----- Provided material -----

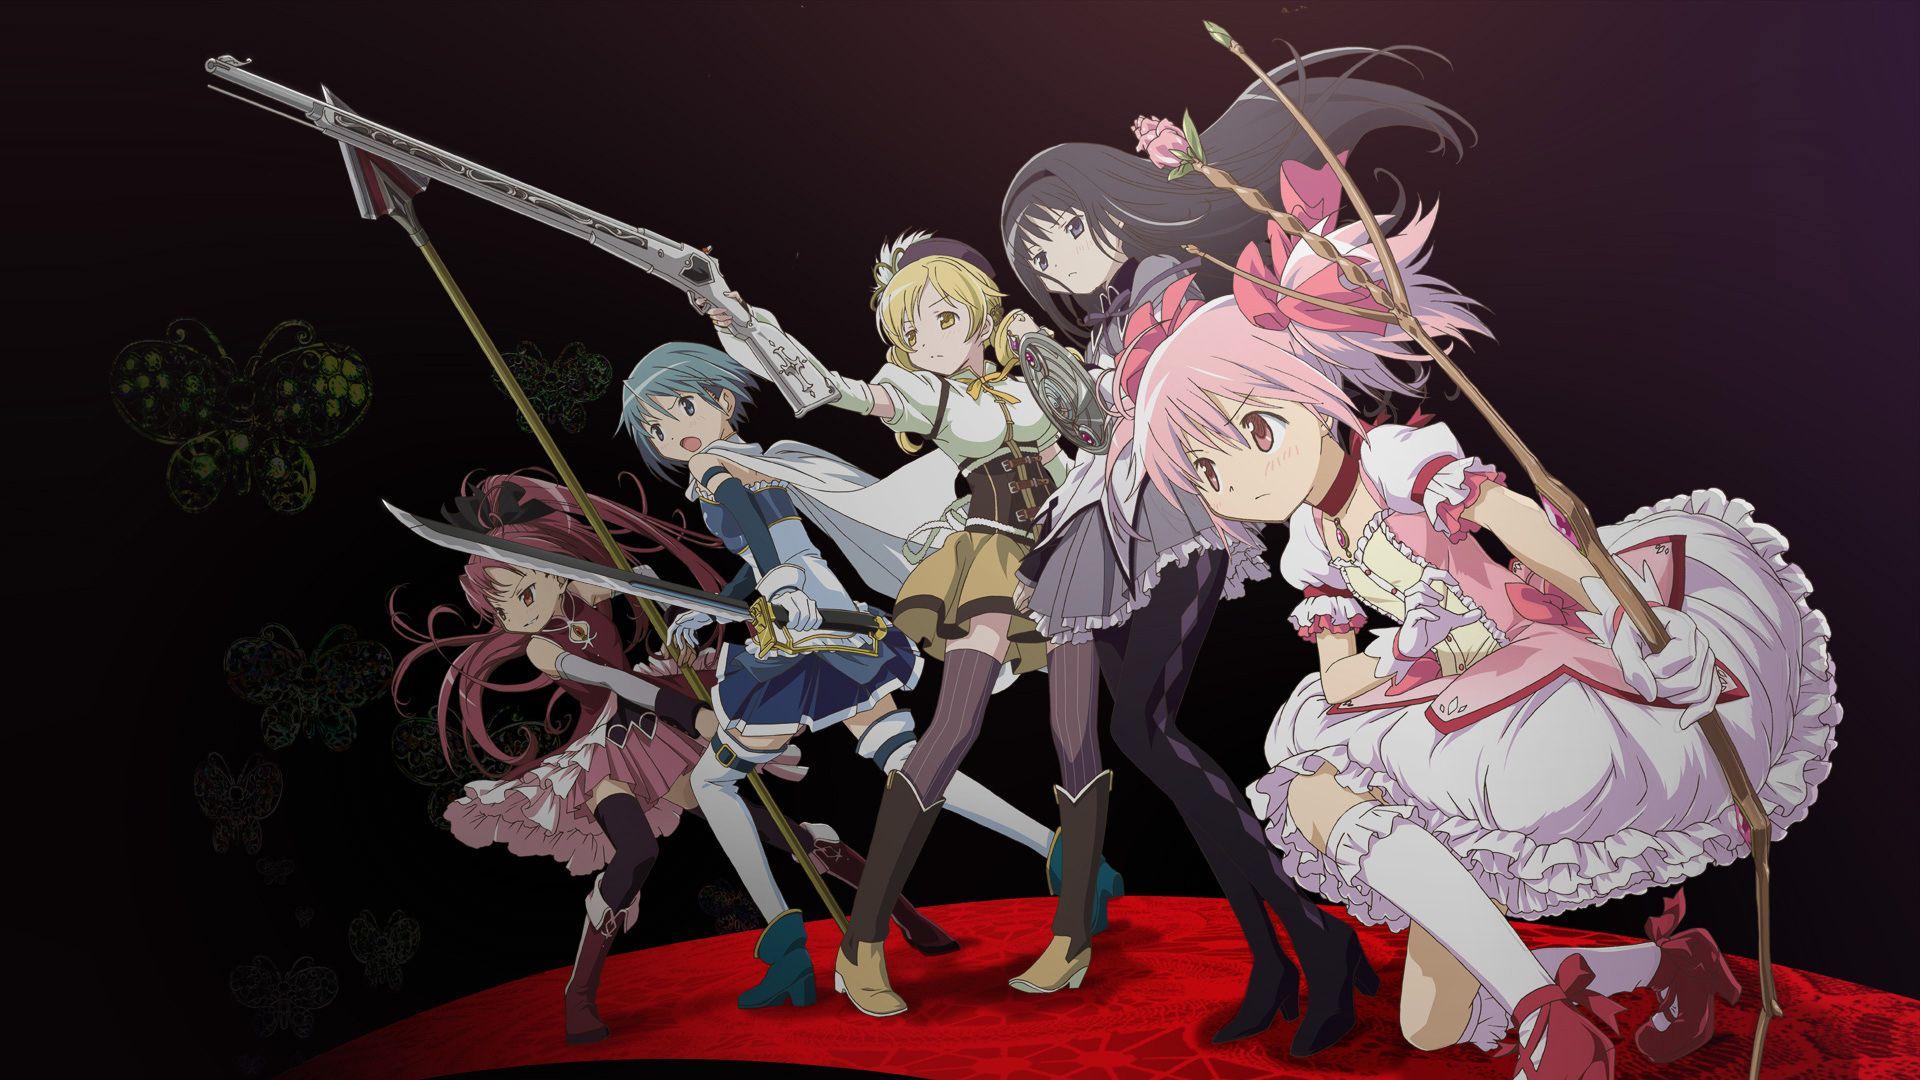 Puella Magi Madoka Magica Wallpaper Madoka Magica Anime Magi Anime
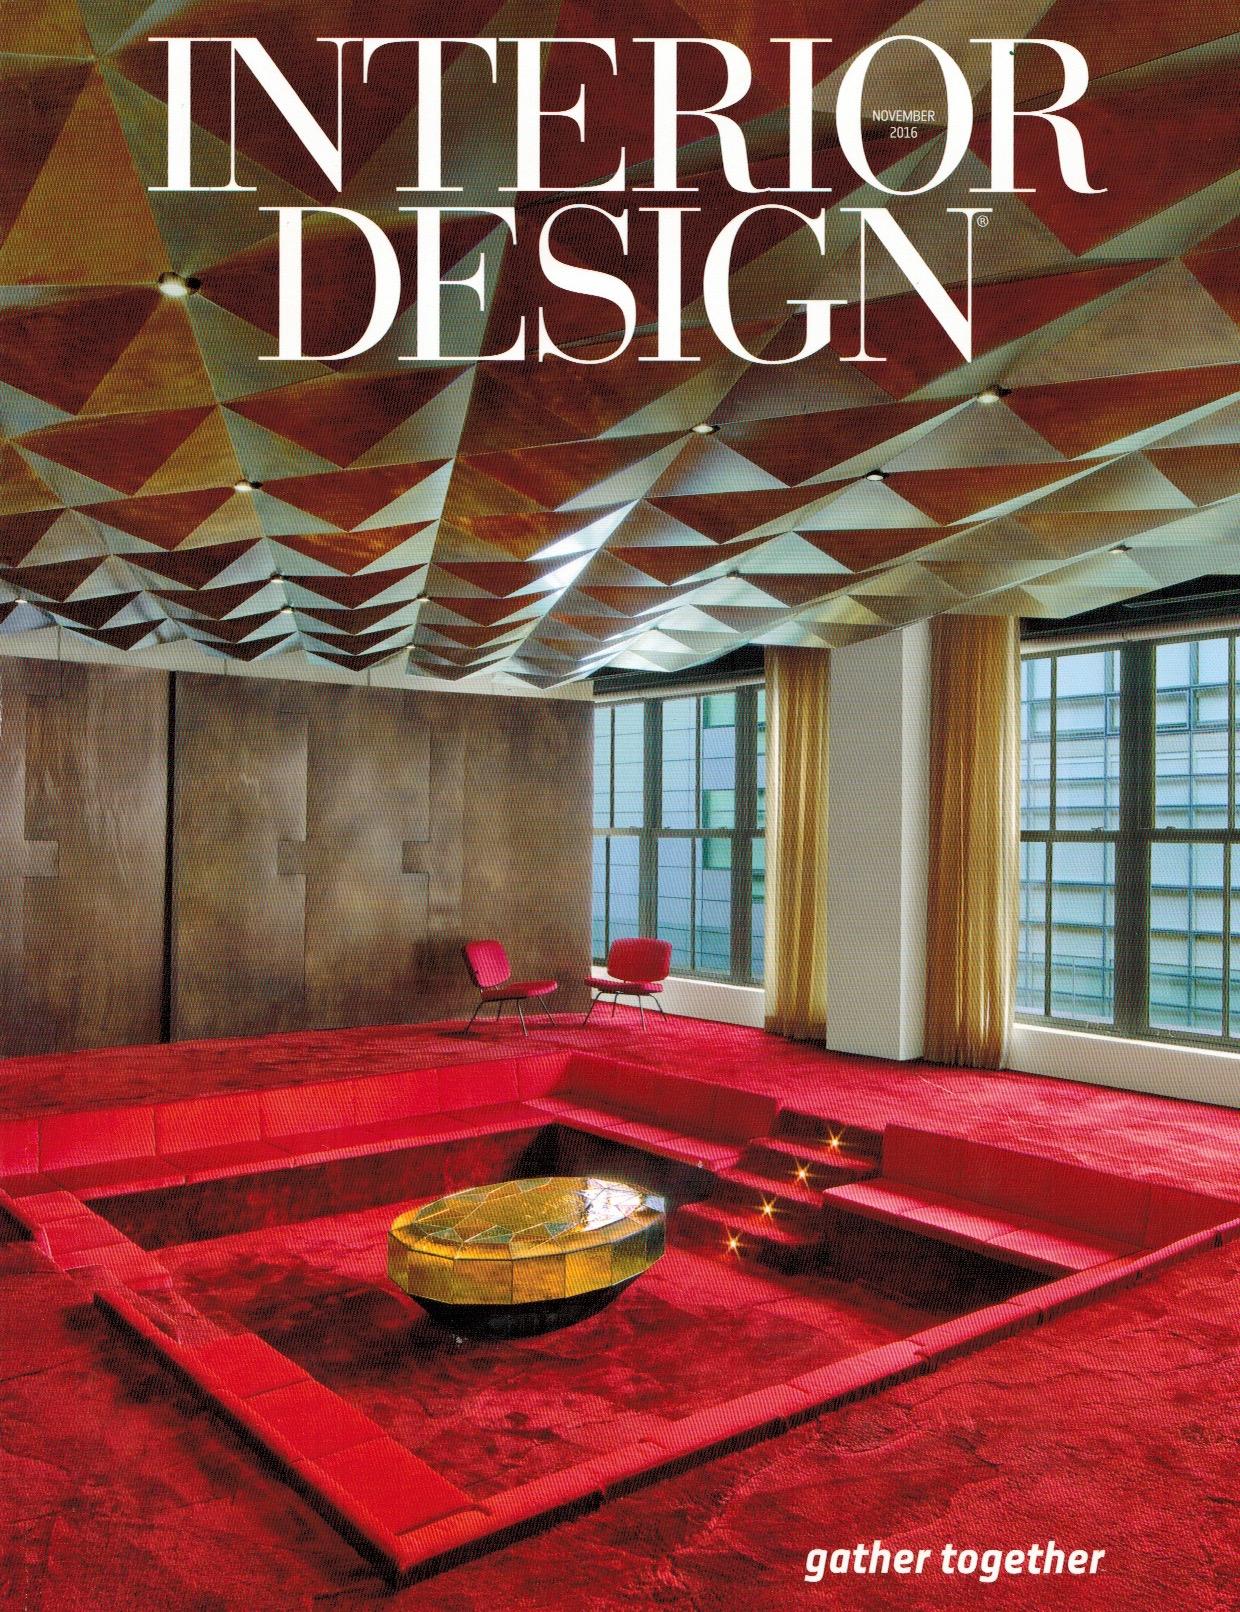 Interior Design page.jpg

-----
----- Provided material -----

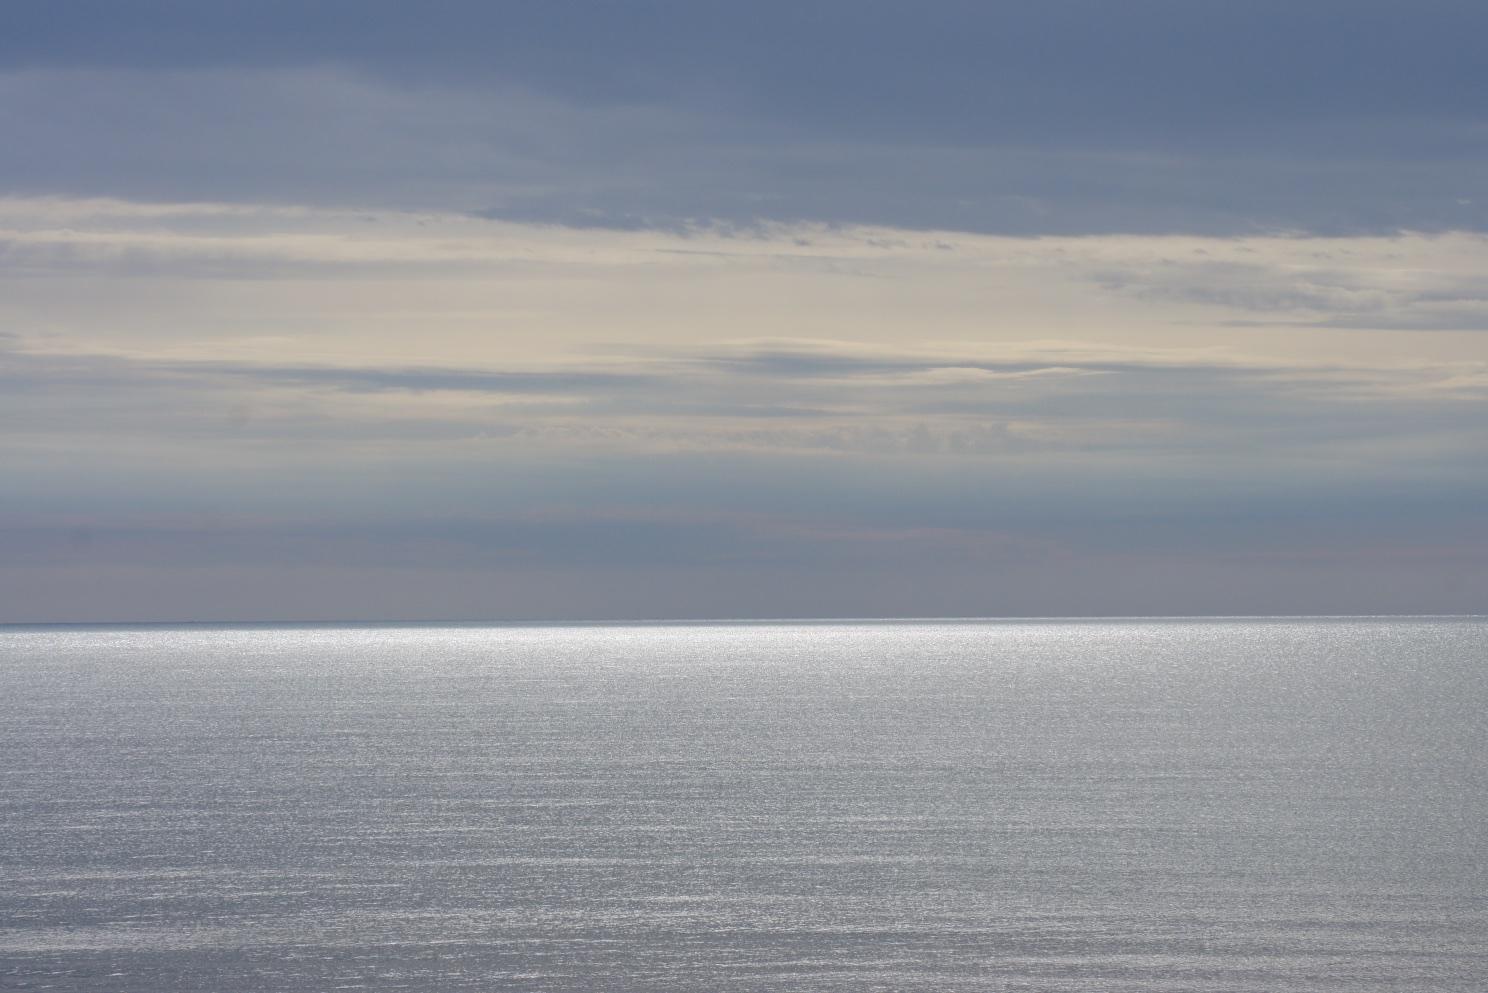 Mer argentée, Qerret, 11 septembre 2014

-----

_How to complete this task_:
Only one stretch of the entries above is needed: the lines from the one containing "Puella Magi Madoka" through the one containing "Interior Design page.jpg". Copy it exactly, without the pictures.

_Solution to this problem_:
 Puella Magi Madoka Magica Wallpaper Madoka Magica Anime Magi Anime
 Interior Design page.jpg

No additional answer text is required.